Although she loved organic chemistry, a lab accident - an explosion that injured a student in her lab and led to temporary hearing loss for Wendlandt - made her hesitant to pursue it further. When she applied to graduate schools, she decided to go into a different branch of chemistry - chemical biology. She studied at Yale University for a couple of years, but she realized that she didn't enjoy that type of chemistry and left after receiving a master's degree.
She worked in a lab at the University of Kentucky for a few years, then applied to graduate school again, this time at the University of Wisconsin. There, she worked in an organic chemistry lab, studying oxidation reactions that could be used to generate pharmaceuticals or other useful compounds from petrochemicals.
After finishing her PhD in 2015, Wendlandt went to Harvard University for a postdoc, working with chemistry professor Eric Jacobsen. There, she became interested in selective chemical reactions that generate a particular isomer, and began studying catalysts that could perform glycosylation - the addition of sugar molecules to other molecules - at specific sites.
Editing molecules
Since joining the MIT faculty in 2018, Wendlandt has worked on developing catalysts that can convert a molecule into its mirror image or an isomer of the original.
In 2022, she and her students developed a tool called a stereo-editor , which can alter the arrangement of chemical groups around a central atom known as a stereocenter. This editor consists of two catalysts that work together to first add enough energy to remove an atom from a stereocenter, then replace it with an atom that has the opposite orientation. That energy input comes from a photocatalyst, which converts captured light into energy.

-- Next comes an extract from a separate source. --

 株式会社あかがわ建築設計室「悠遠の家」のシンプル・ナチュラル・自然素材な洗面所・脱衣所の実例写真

"If you have a molecule with an existing stereocenter, and you need the other enantiomer, typically you would have to start over and make the other enantiomer. But this new method tries to interconvert them directly, so it gives you a way of thinking about molecules as dynamic," Wendlandt says. "You could generate any sort of three-dimensional structure of that molecule, and then in an independent step later, you could completely reorganize the 3D structure."

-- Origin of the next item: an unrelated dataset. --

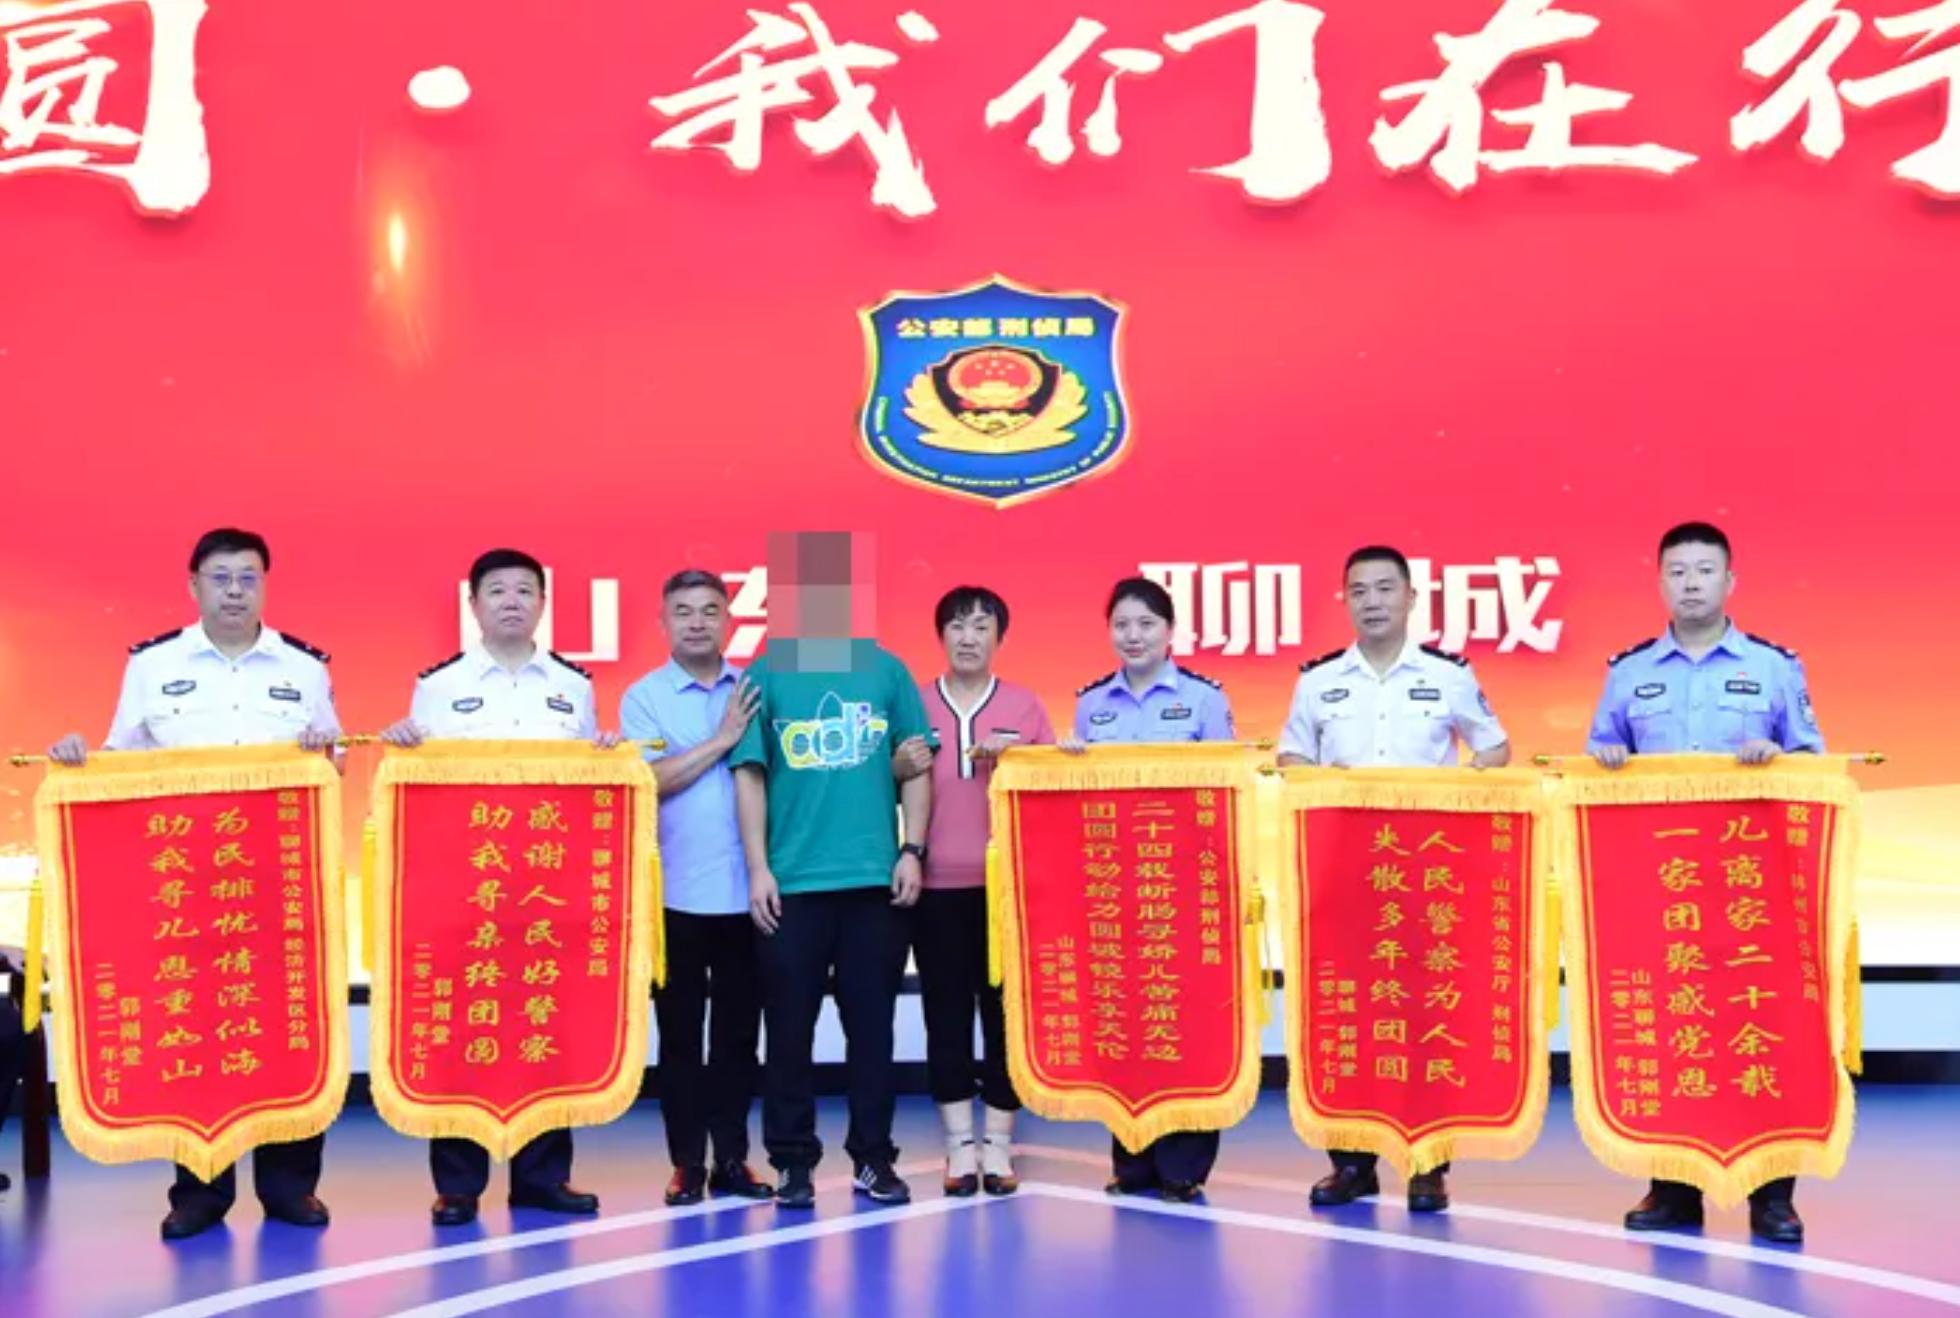 Guo Xinzhen (wajah telah disensor oleh pihak berwajib) berdiri di antara kedua orang tuanya di biro keamanan publik Liaocheng. Foto: Biro Keamanan Publik Liaocheng

She has also developed tools that can convert common sugars such as glucose into other isomers, including allose and other sugars that are difficult to isolate from natural sources, and tools that can create new isomers of steroids and alcohols. She is now working on ways to convert six-membered carbon rings to seven or eight-membered rings, and to add, subtract, or replace some of the chemical groups attached to the rings.
"I'm interested in creating general tools that will allow us to interconvert static structures. So, that may be taking a certain functional group and moving it to another part of the molecule entirely, or taking large rings and making them small rings," she says. "Instead of thinking of molecules that we assemble as static, we're thinking about them now as potentially dynamic structures, which could change how we think about making organic molecules."

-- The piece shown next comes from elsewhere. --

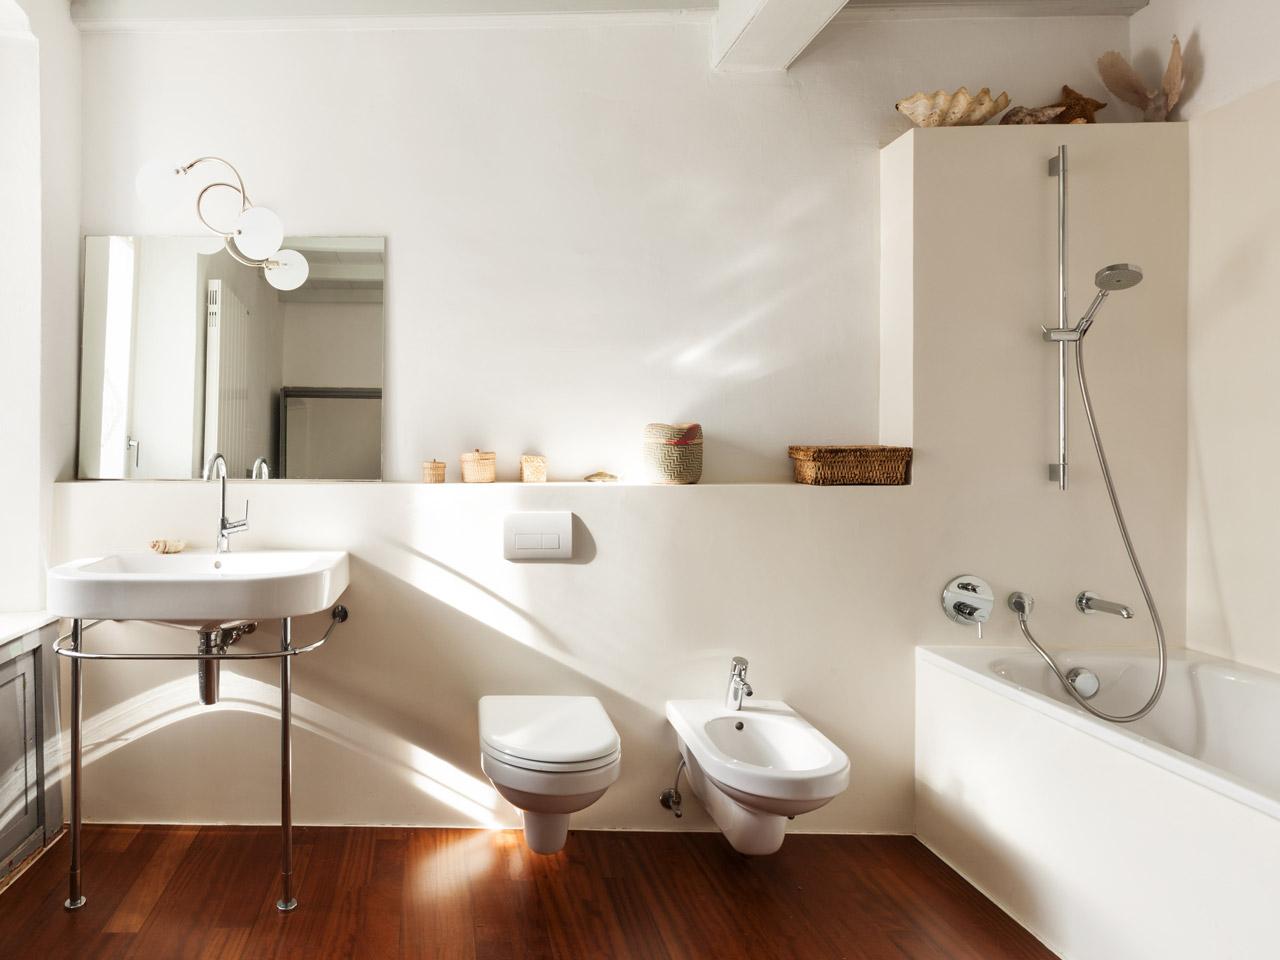 Badezimmer Ablage Dekorieren

This approach also opens up the possibility of creating brand new molecules that haven't been seen before, Wendlandt says. This could be useful, for example, to create drug molecules that interact with a target enzyme in just the right way.
"There's a huge amount of chemical space that's still unknown, bizarre chemical space that just has not been made. That's in part because maybe no one has been interested in it, or because it's just too hard to make that specific thing," she says. "These kinds of tools give you access to isomers that are maybe not easily made."